Казалось, будто бы священник совершенно бесшумно шевелит губами, тем не менее, всем было слышно, что он говорит. Истинное чудо, а может только эффект исключительного умения лишенного вкуса архитектора?

Седовласый замолк, повернулся к амвону и поднял руку в обвиняющем жесте, но, прежде чем сам заговорил, другой голос прервал тишину. Гораздо более высокий в тональности и более решительный. Раздавался он со стороны входа.

- Представление закончено, пан Лис!

Оглянулись практически все, за исключением мужчины в белом и ксёндза, который глядел в ту сторону все время. Старик медленно опустил поднятую руку и тихо ругнулся, настолько тихо, что никому услышать его не удалось.

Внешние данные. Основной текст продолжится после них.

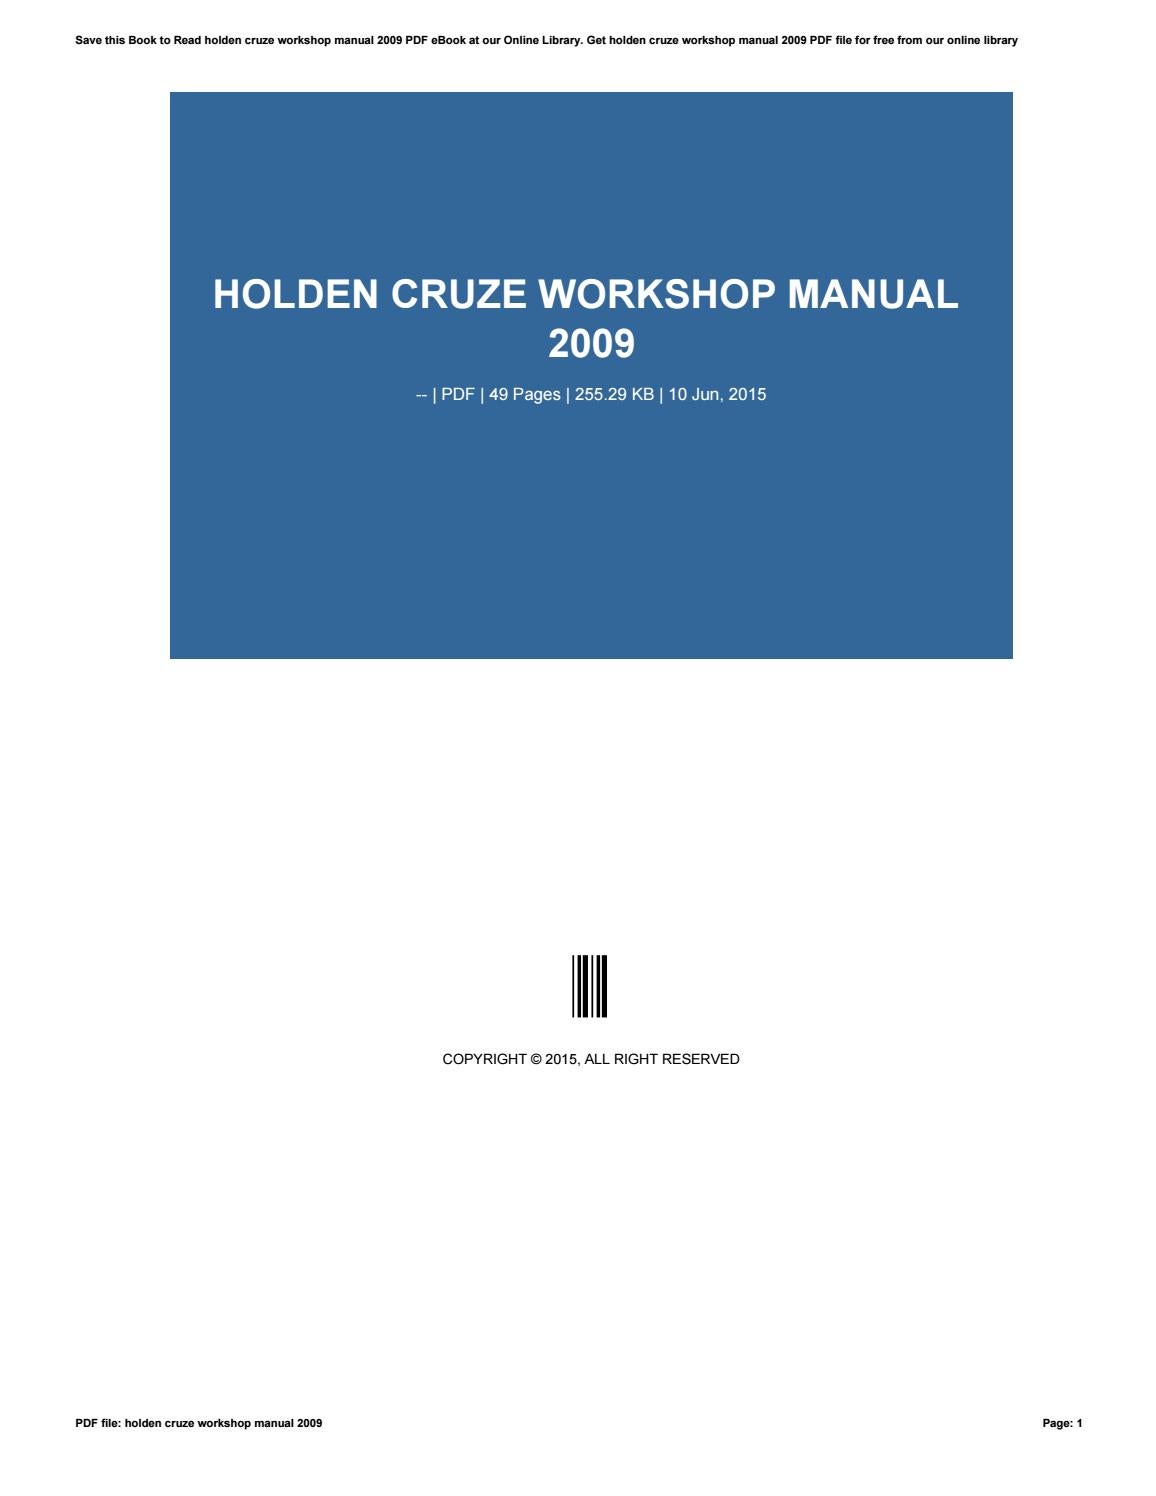 2012 holden cruze workshop manual pdf

У входа стояло трое мужчин в черных костюмах. Двое, крепко сложенные, с бычьими шеями и практически одинаковыми лицами, держались за спиной третьего, гораздо более худого и меньшего роста, чем они. Уже на первый взгляд было видно, что он гораздо старше своих спутников. У него был высокий, бледный лоб, припорошенные сединой волосы, водянистые глаза; узкая щель рта была почти что лишена губ, а еще орлиный нос, на который опирались толстые очки со слегка затененными стеклами. Те, что сидели ближе всех, если бы обладали хорошей наблюдательностью, могли бы отметить еще одну примету: тоненький, круглый шрам на виске.

- Управление охраны государства, - сообщил всем низкий мужчина, показывая небольшую бляху, формы которой с этого расстояния невозможно было распознать, не говоря уже о расшифровке украшающих ее надписей. – Прошу всех хранить спокойствие и оставаться на местах, - прибавил он, видя замешательство, которое вызвали его слова среди людей, которых они застали врасплох.

Рослые блондины, вероятнее всего, близнецы, тем временем встали за спиной мужчины в белом. Их начальник подошел с другой стороны, привстал перед алтарем на колено и небрежно перекрестился. Потом глянул прямо в глаза седому.